Preventive is classified as a public benefit corporation, focusing on ensuring that the technology is both safe and transparent before any efforts are made to produce genetically modified children. Harrington emphasizes the enormous responsibility that comes with embryo editing, stating, “Embryo editing has tremendous potential advantages, including precision, efficiency, and cost.” He acknowledges, however, that careful research and regulatory oversight are essential to mitigate risks.
In a recent post on X, Harrington expressed his belief in the technology’s promise, claiming that, if proven safe, it could represent one of the most significant health advancements of our time. He also highlighted the risks of unregulated experimentation, saying, “Unfortunately, the combination of limited expert involvement and lack of a clear regulatory pathway has instead created conditions for fringe groups to potentially take dangerous shortcuts that could harm patients and stifle responsible investigation.”
The involvement of tech billionaires has drawn attention to the ethical complexities of this endeavor. Armstrong noted the impact of genetic diseases on over 300 million people globally, advocating for foundational research to explore safe therapies that could prevent such conditions at birth. He stated, “It is far easier to correct a smaller number of cells before disease progression occurs, such as in an embryo.”
This initiative echoes the controversial actions of Chinese scientist He Jiankui, who garnered global outrage after creating the first gene-edited babies in 2018. Jiankui’s experiments led to a three-year prison sentence for illegal medical practices, prompting calls from researchers around the world for a temporary halt on germline editing. Since then, U.S. senators have sought to establish international standards for germline gene editing to prevent unethical practices that could arise in countries with looser regulations.
In the United States, the landscape for research on human germline gene therapy is complex. While federal law prohibits the use of government funds for this type of research, private funding is still permissible. This means that laboratories could conduct non-clinical human gene therapy research, but any therapy intended for sale would require approval from the Food and Drug Administration (FDA) before it could enter clinical trials.
Despite the potential benefits of gene editing—such as preventing hereditary diseases—ethical concerns loom large.
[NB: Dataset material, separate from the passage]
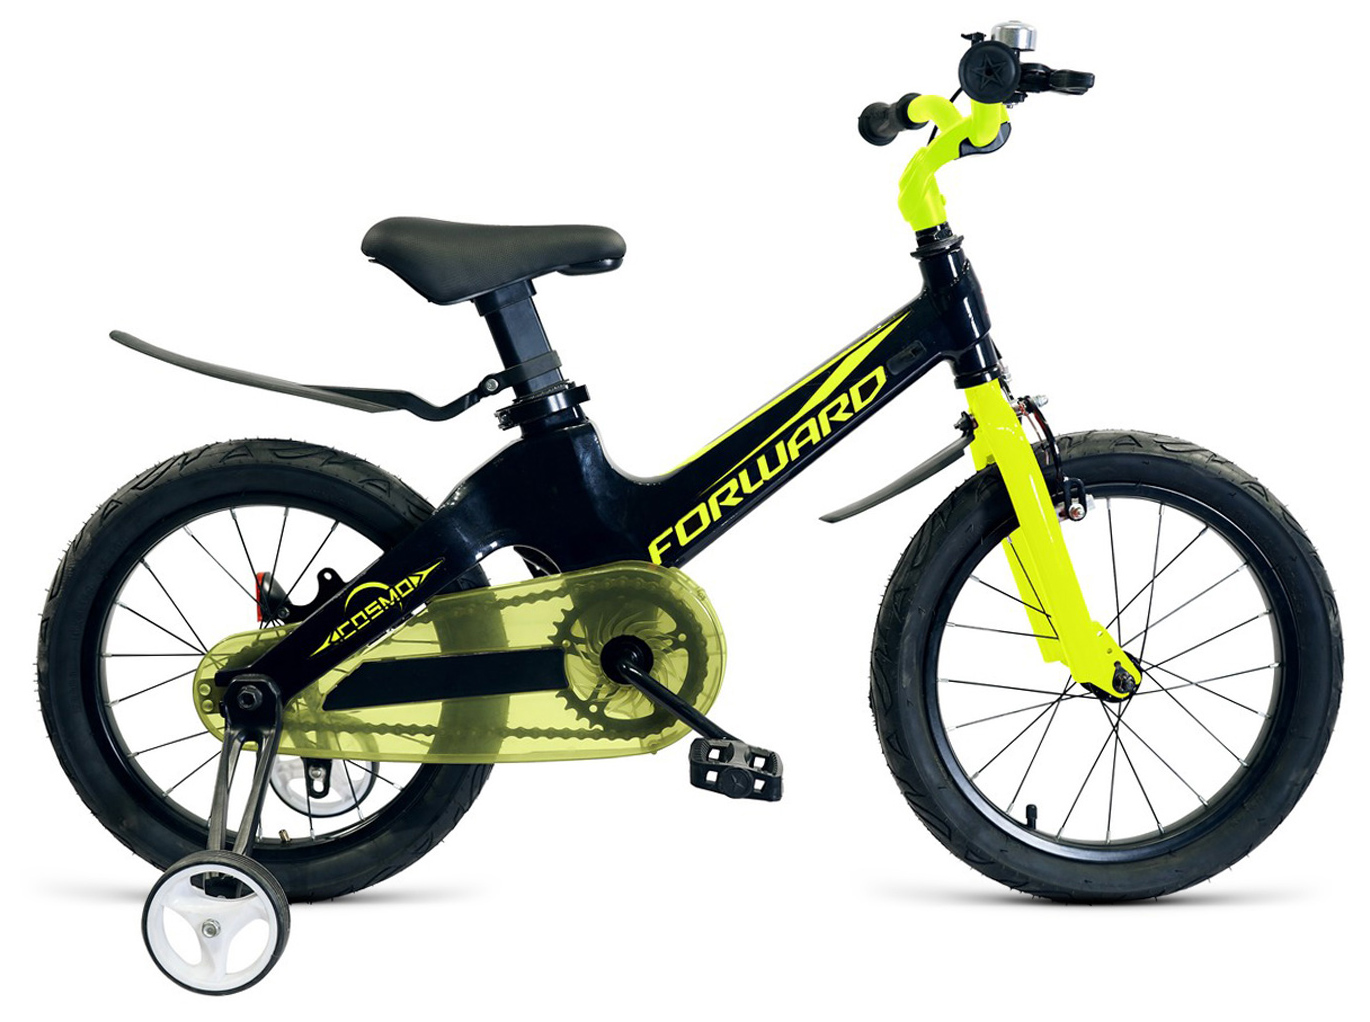  Отзывы о Детском велосипеде Forward Cosmo 18 2019

Critics argue that altering embryos could have unforeseen consequences for future generations. Moreover, the individuals most affected by these decisions, the unborn children, cannot express their consent. This raises profound questions about autonomy and the moral implications of genetic modification.
As Preventive continues its mission, the tension between innovation and ethical responsibility remains a focal point in the debate over the future of genetic engineering. The company’s progress will likely shape discussions within the scientific community and beyond, as stakeholders grapple with the implications of creating genetically engineered humans.